┌──
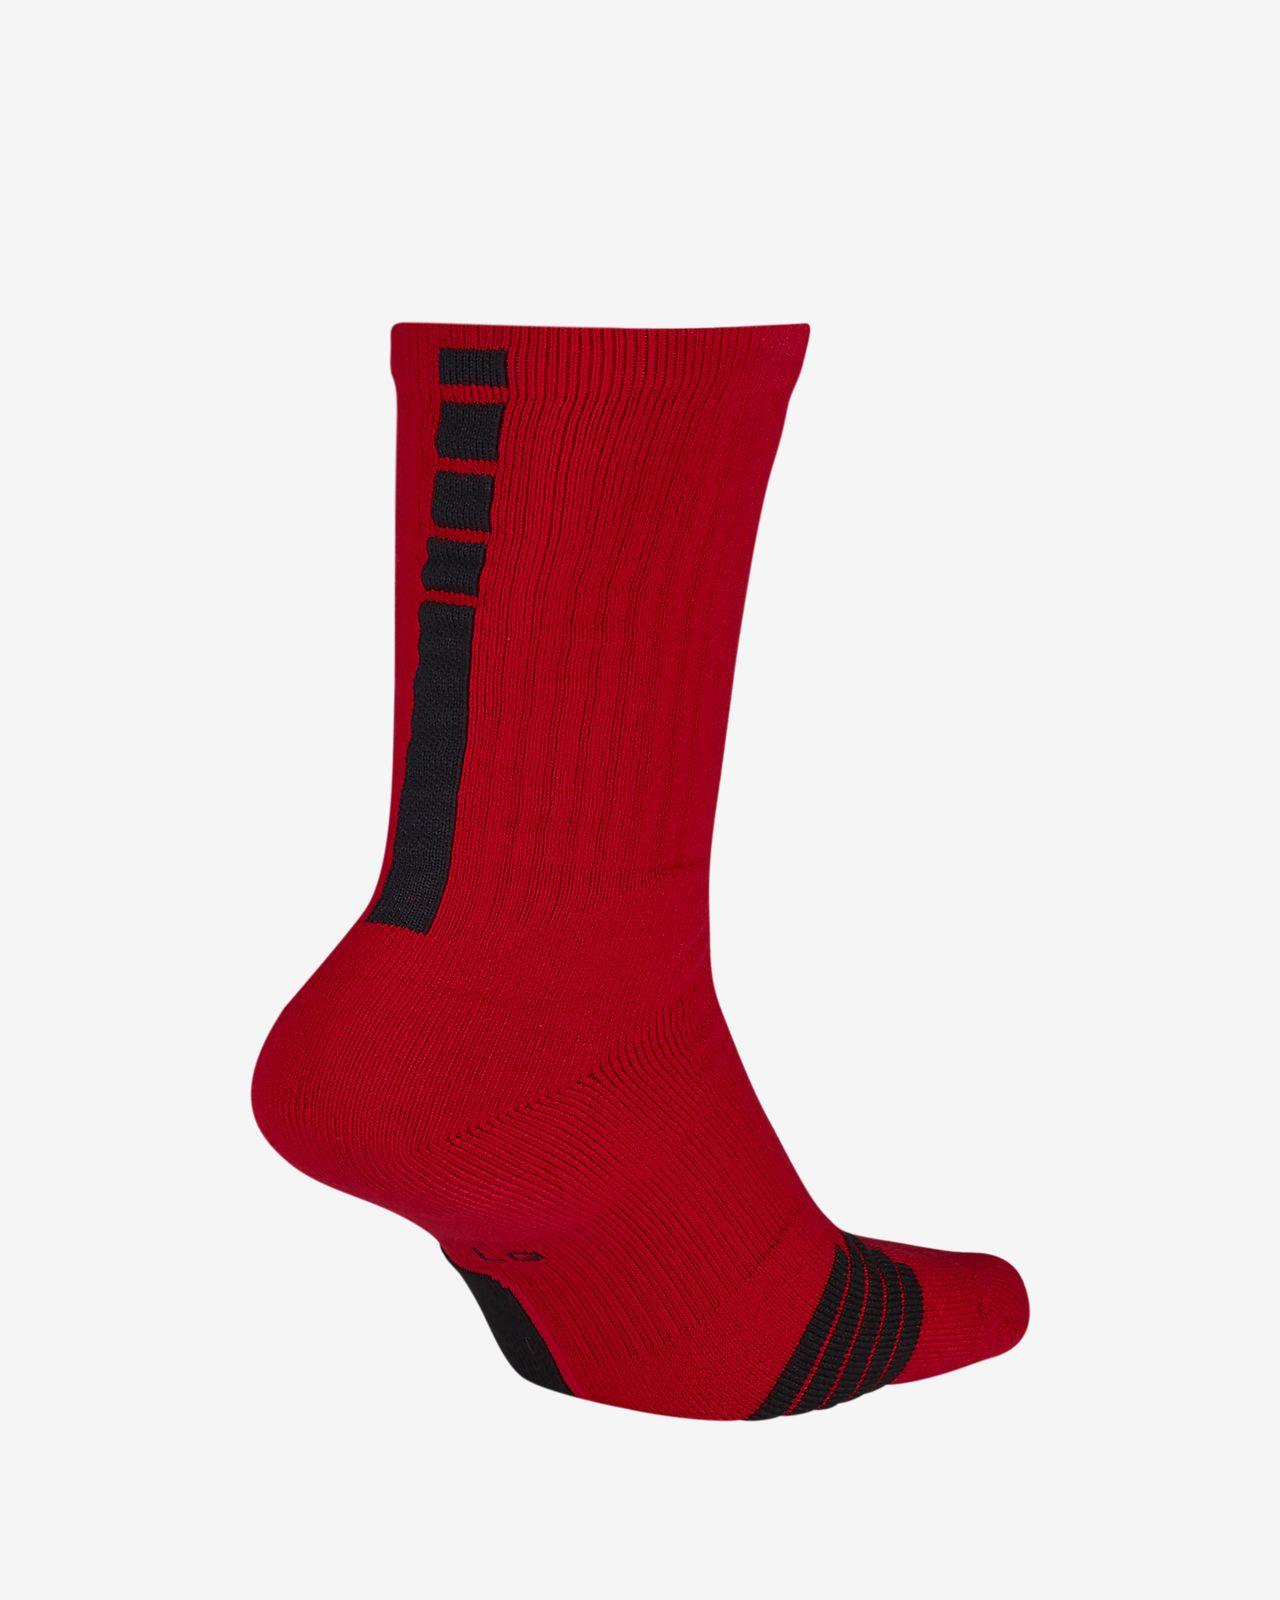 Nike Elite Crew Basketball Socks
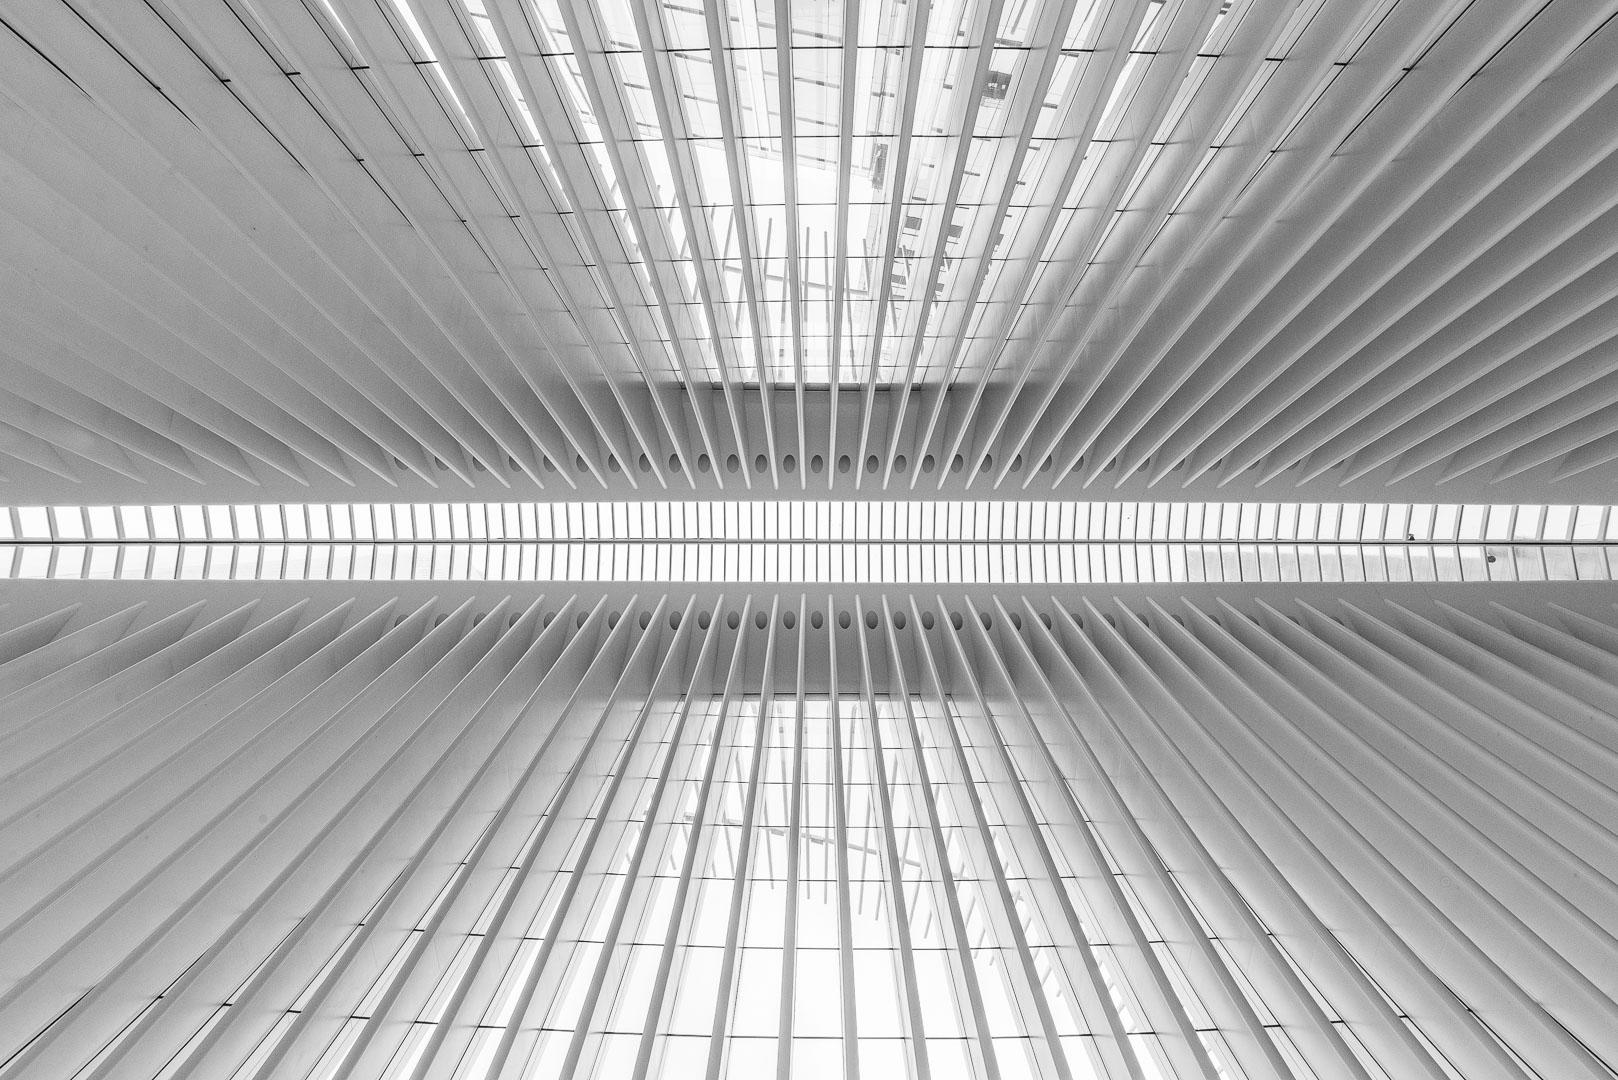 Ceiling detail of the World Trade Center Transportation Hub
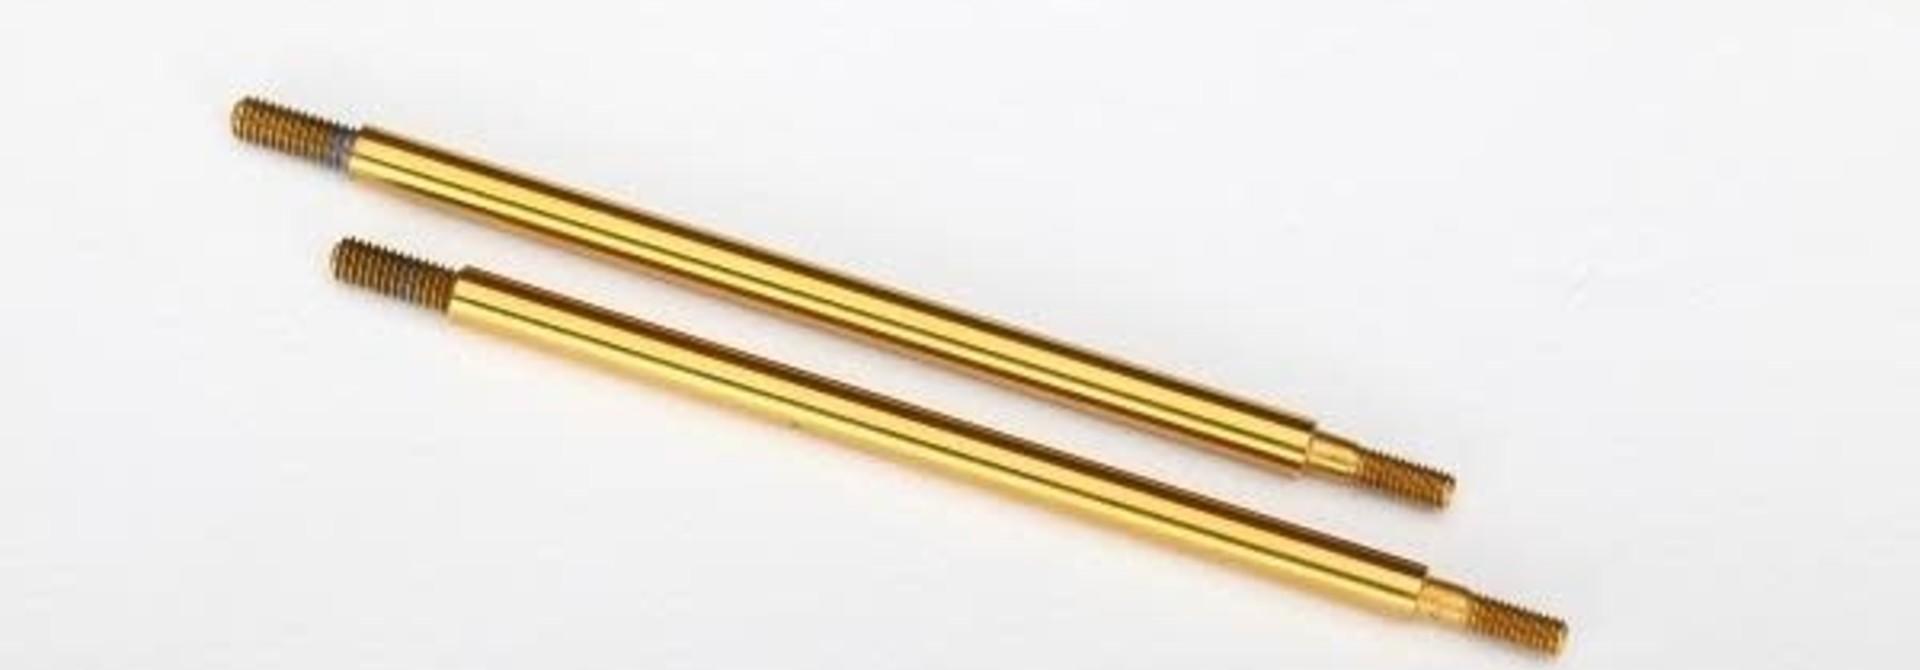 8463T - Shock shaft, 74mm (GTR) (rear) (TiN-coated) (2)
└──
§ **Required work**
From the first line to the last, retype the data exactly, without images.

§ **Response for this exercise**
 Nike Elite Crew Basketball Socks
 Ceiling detail of the World Trade Center Transportation Hub
 8463T - Shock shaft, 74mm (GTR) (rear) (TiN-coated) (2)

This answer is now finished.